Nesta região, que abrange os concelhos alentejanos de Castro Verde e Almodôvar e parte dos de Aljustrel, Mértola e Ourique, predominam a pecuária extensiva e cereais de sequeiro, produzidos de forma sustentável e “amiga do ambiente”.
No horizonte surge agora a produção de trigo destinado à alimentação para bebés, com pouca utilização de pesticidas, num projeto do agrupamento de produtores “Carnes do Campo Branco” e que está ainda em “fase embrionária”.
“Esse nicho de mercado exige trigos produzidos com pouca pressão de pesticidas e que tenham alguma qualidade, inseridos no sistema de sequeiro”, explica à agência Lusa o agricultor António Colaço, que faz parte do conselho de administração do agrupamento de produtores, com sede em Castro Verde.
Ou seja, “estamos a tentar aproveitar o que é exigido, visto que a região se encaixa naquilo que são as exigências da ‘baby food’ [comida para bebés]”, acrescenta.
O projeto não é inédito no país e está ainda numa fase prematura, mas já provoca entusiasmo entre os produtores agrícolas da zona.
“Pode ser uma nova janela” de oportunidade, “porque estamos a ver que realmente começam a estar à procura de produtos biológicos ou com menos concentrados de pesticidas”, reconhece o também agricultor Fernando Rosa.
A tentativa de encontrar novos “nichos de mercado” é cada vez mais uma preocupação para a agricultura do Campo Branco, que, por ser de sequeiro, é menos rentável do que o regadio. Não só em termos de produção, mas também de valorização.
Além disso, a região é abrangida pelo Apoio Zonal de Castro Verde, medida agroambiental criada em 1995, no âmbito da Política Agrícola Comum (PAC).
Este apoio visa promover a conservação da natureza e avifauna no Campo Branco - onde existe uma Reserva da Biosfera da UNESCO - e, em simultâneo, minimizar as perdas de rendimento agrícola decorrentes de técnicas culturais e de gestão compatíveis com a conservação da natureza.
Tudo isto levou a Associação de Agricultores do Campo Branco (AACB), de Castro Verde, e a Escola Superior Agrária de Beja (ESAB) a criarem, há oito anos, Campos de Ensaio e Experimentação de Cereais de Inverno, Fenossilagens, Leguminosas e Pastagens Melhoradas.
O projeto, em duas herdades de Castro Verde, veio colmatar “a falta de informação” dos agricultores sobre novas variedades e espécies e sobre fertilizantes e pesticidas.

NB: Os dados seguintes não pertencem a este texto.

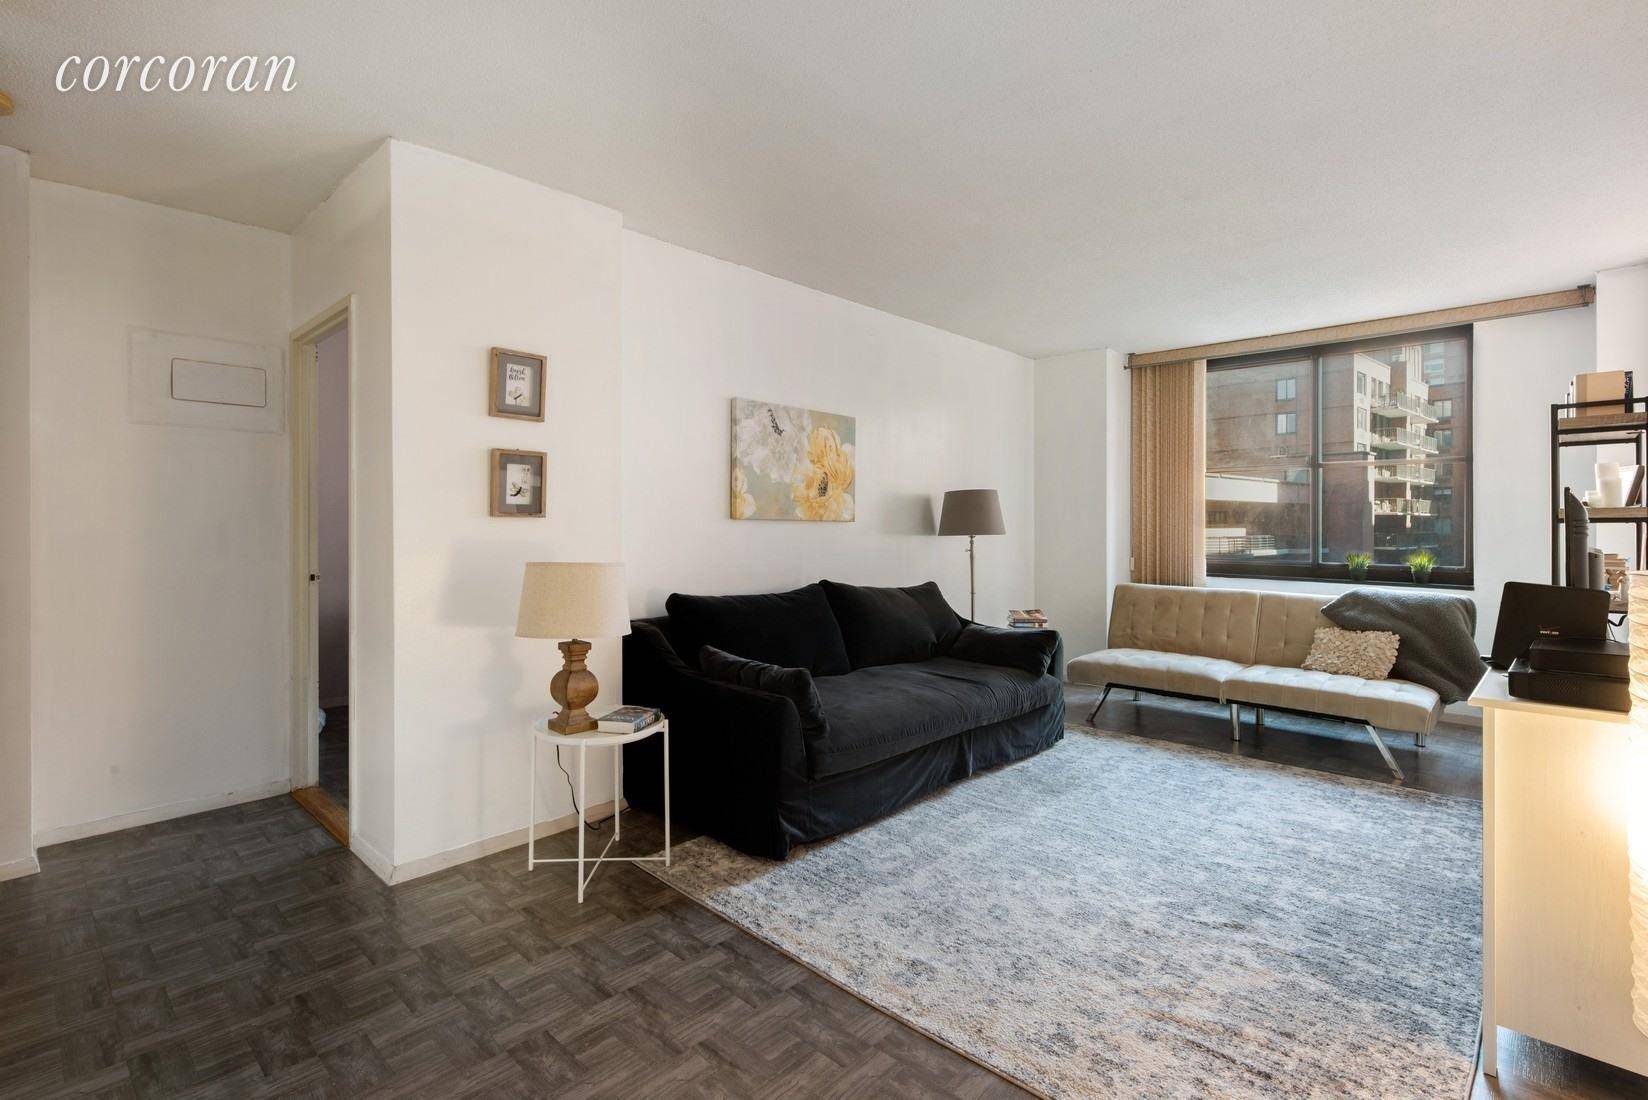 Welcome home to this East facing one bedroom condo in an excellent Battery Park City location on the water.
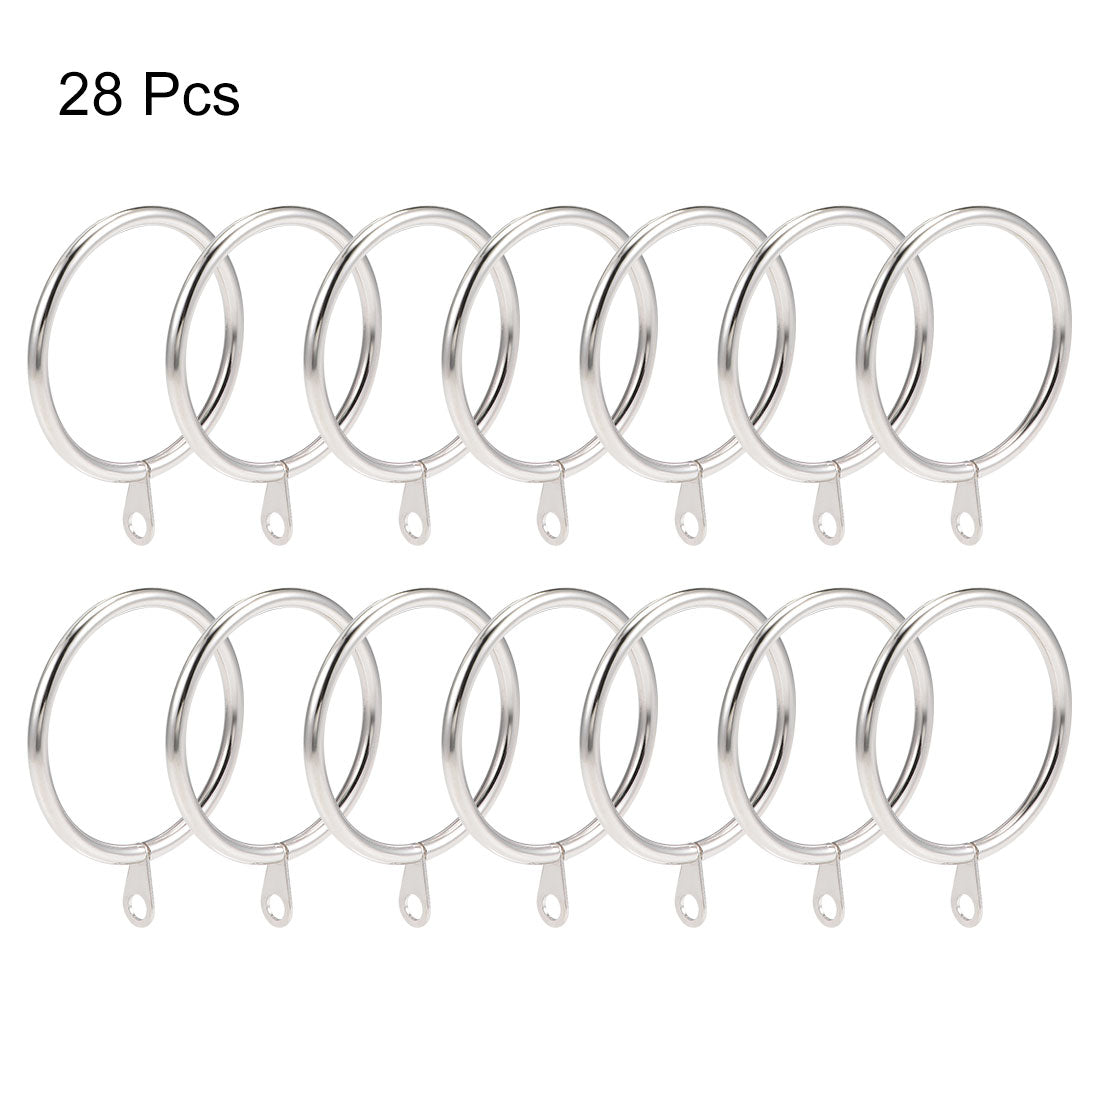 uxcell Uxcell Curtain Rings Metal 45mm Inner Dia Drapery Ring for Curtain Rods Silver Tone 28 Pcs

Isso permite uma valorização das explorações “em termos de produção e económicos”, revela António Colaço, um dos representantes da AACB na equipa técnica dos campos de ensaio.
A ambição “é demonstrarmos aqui aquilo que existe no mercado”, para que o agricultor “possa ver, comprar e fazer nas suas explorações”, acrescenta.
Este trabalho ganha maior projeção devido às alterações climáticas, que são uma evidência na região, com cada vez maiores períodos de seca e temperaturas acima do habitual ao longo do ano agrícola.
“Com as alterações climáticas” é preciso “usar as variedades mais adaptadas”, pelo que “faz todo o sentido que essa experimentação seja realizada”, observa à Lusa Manuel Patanita, professor na ESAB e coordenador científico dos campos de ensaio.
Este projeto, vincou, permite avaliar “a capacidade de adaptação” e identificar "os fatores de produção mais adequados” para os “solos pobres” locais, “com baixa matéria orgânica e muito suscetíveis à desertificação”.
“Acresce a necessidade de fazer esta investigação e experimentação, para que os agricultores possam ter mais soluções e mais conhecimento para apoiar a sua decisão”, diz o professor.
No caso dos cereais, o trabalho dos campos de ensaio assenta em variedades cujo “período de enchimento do grão seja mais curto”, para permitir “fugir um bocadinho ao stress hídrico” da primavera, adianta José Dores, também membro da equipa técnica.
Depois, “em termos de forragens”, pretende-se trabalhar espécies “com um bom desenvolvimento, rápido no início, para podermos ter biomassa” e “verificarmos quais são as que se adaptam melhor”, completa este professor da ESAB.
No fundo, estamos a “tentar criar soluções, de alguma forma inovadoras para a região, para os agricultores poderem usufruir desses trabalhos”, conclui.